The coefficients ${\tau}$ represent the marginal utilities from changes in perceived health, taste, safety, and animal welfare. Thus, the coefficients represent the consumers’ preferences for health, taste, safety, and animal welfare. Because preferences for and beliefs about, health, taste, safety, and welfare are controlled for in the utility function, $\vartheta _{ti}^k$ reflects the utility derived from label k that cannot be explained by health, taste, safety, and animal welfare. Adding an iid extreme value error term to the aforementioned utility function and assuming all respondents share the same preference parameters results in the multinomial logit (MNL) model, where the probability of choice is given by:

(3) $${\rm{Probability}}\left( {i\,{\rm{chooses}}\,j\,{\rm{in}}\,{\rm{treatment}}\,t} \right) = {{{e^{{V_{ijt}}}}} \over {\sum\limits_{k = 1}^k {{e^{{V_{ikt}}}}} }}.$$

To allow for additional heterogeneity in individual preferences, a random parameter logit (RPL) model was also estimated (Train, Reference Train2009). The RPL model was estimated using simulated maximum likelihood with 500 Halton draws assuming all non-price coefficients are normally distributed. The price coefficient was assumed to be a constant term.

WTP for individual i for the presence of label k (versus no label) is

(4) $$WT{P^k}_i = {{{\vartheta _k} + {\tau _1}\cdot Healt{h_{ik}} + {\tau _2}\cdot Tast{e_{ik}} + {\tau _3}\cdot Safet{y_{ik}} + {\tau _4}\cdot Welfar{e_{ik}}} \over { - {\alpha _t}}}$$

In addition, we obtained so-called individual-specific estimates of each person’s preferences using the estimated parameter distribution as the prior and update these with the individual’s choices (see Train, Reference Train2009). These are parameter means conditional on each individual’s 12 choices, which converge to individual’s preferences as the number of choice questions grows (Sarrias, Reference Sarrias2020). Because the $\alpha $ parameter is a constant term, WTP is normally distributed. The WTP estimates are calculated through a Krinsky and Robb simulation (Krinsky and Robb, Reference Krinsky and Robb1986).

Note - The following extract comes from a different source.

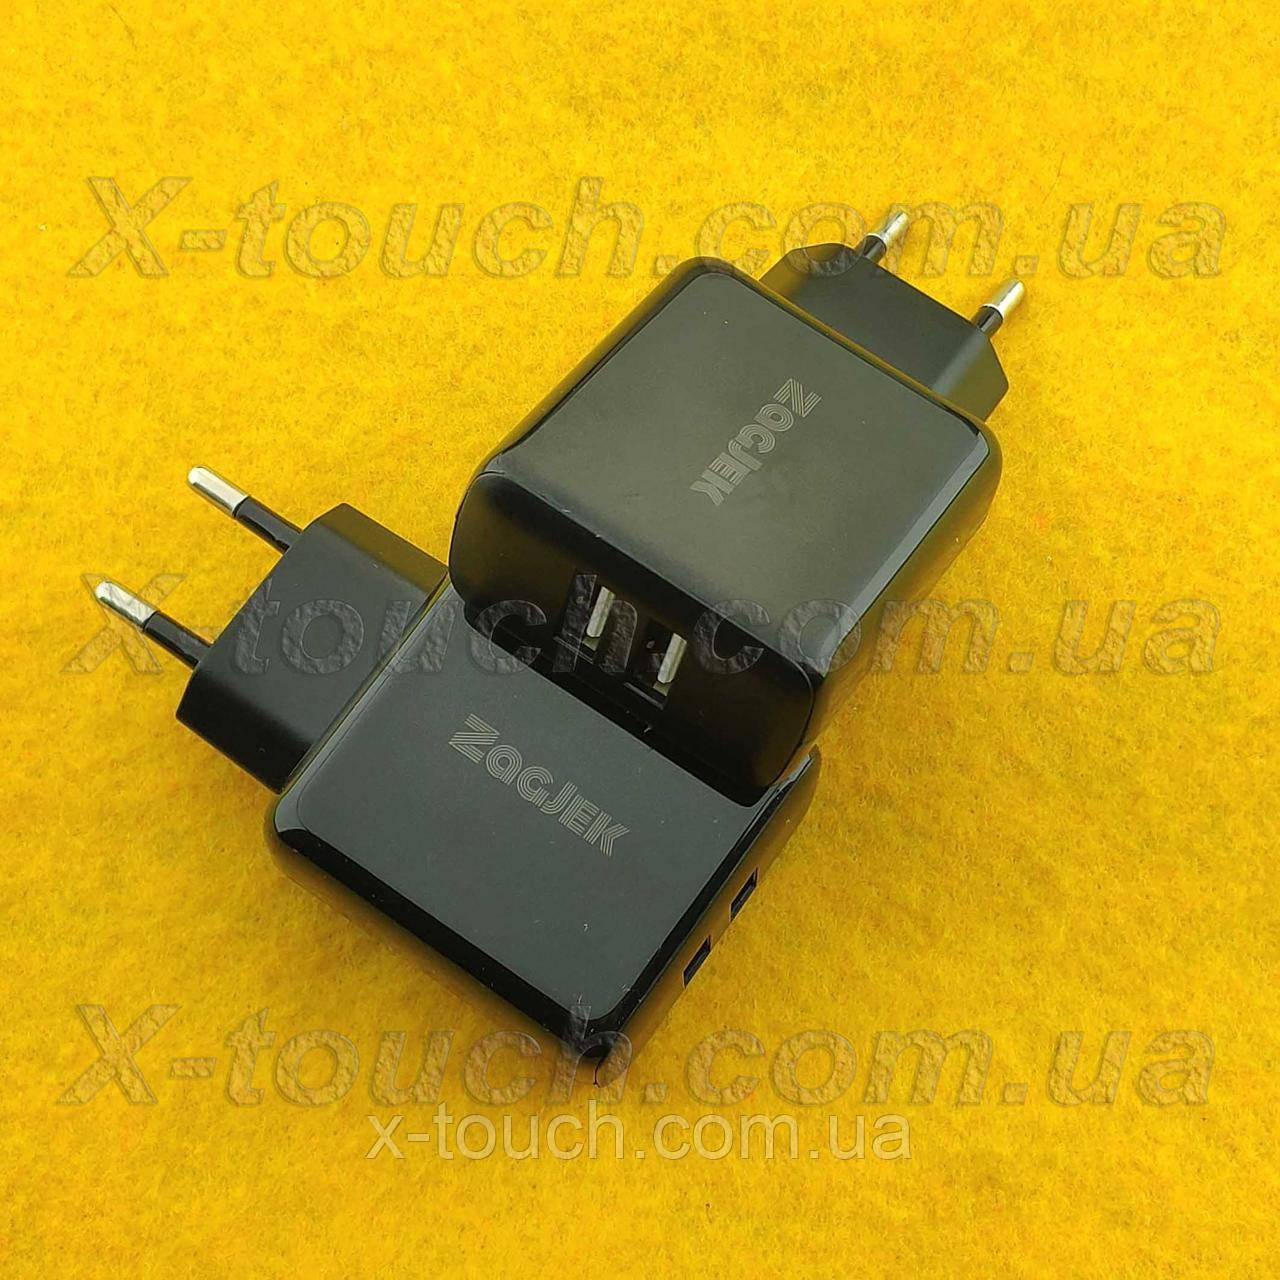 Блок питания, сетевая зарядка N11-ZJ для устройств, черный.

Another key objective of this study is to explore how preferences for, for example, health, from the CE, ${\tau _{i1}},\;$ compare with an alternative measure of preferences of health from our food values ranking. Are people who tend to demonstrate high preferences for safety in the CE also the same ones who tend to indicate safety as one of the most important food values? To explore this matter of convergent validity, we calculate the correlations between the individual-specific preferences for safety, taste, health, and animal welfare and the corresponding responses to the best-worst “food values” question. The food value questions were coded as follows: 1 if the respondent placed the value in the “most important” category, −1 if the value was placed in the “least important” category, and 0 if it was in neither category. In addition to the correlations, we compared the mean $\;\tau $ ’s for people who rated each food value as “most important,” “least important,” or “neither” using an ANOVA test. The mean coefficient values were calculated for each belief value and separated based on their placement in the “food values” category. The ANOVA tested for any significant differences between the belief means by food value placement. This was repeated for each treatment.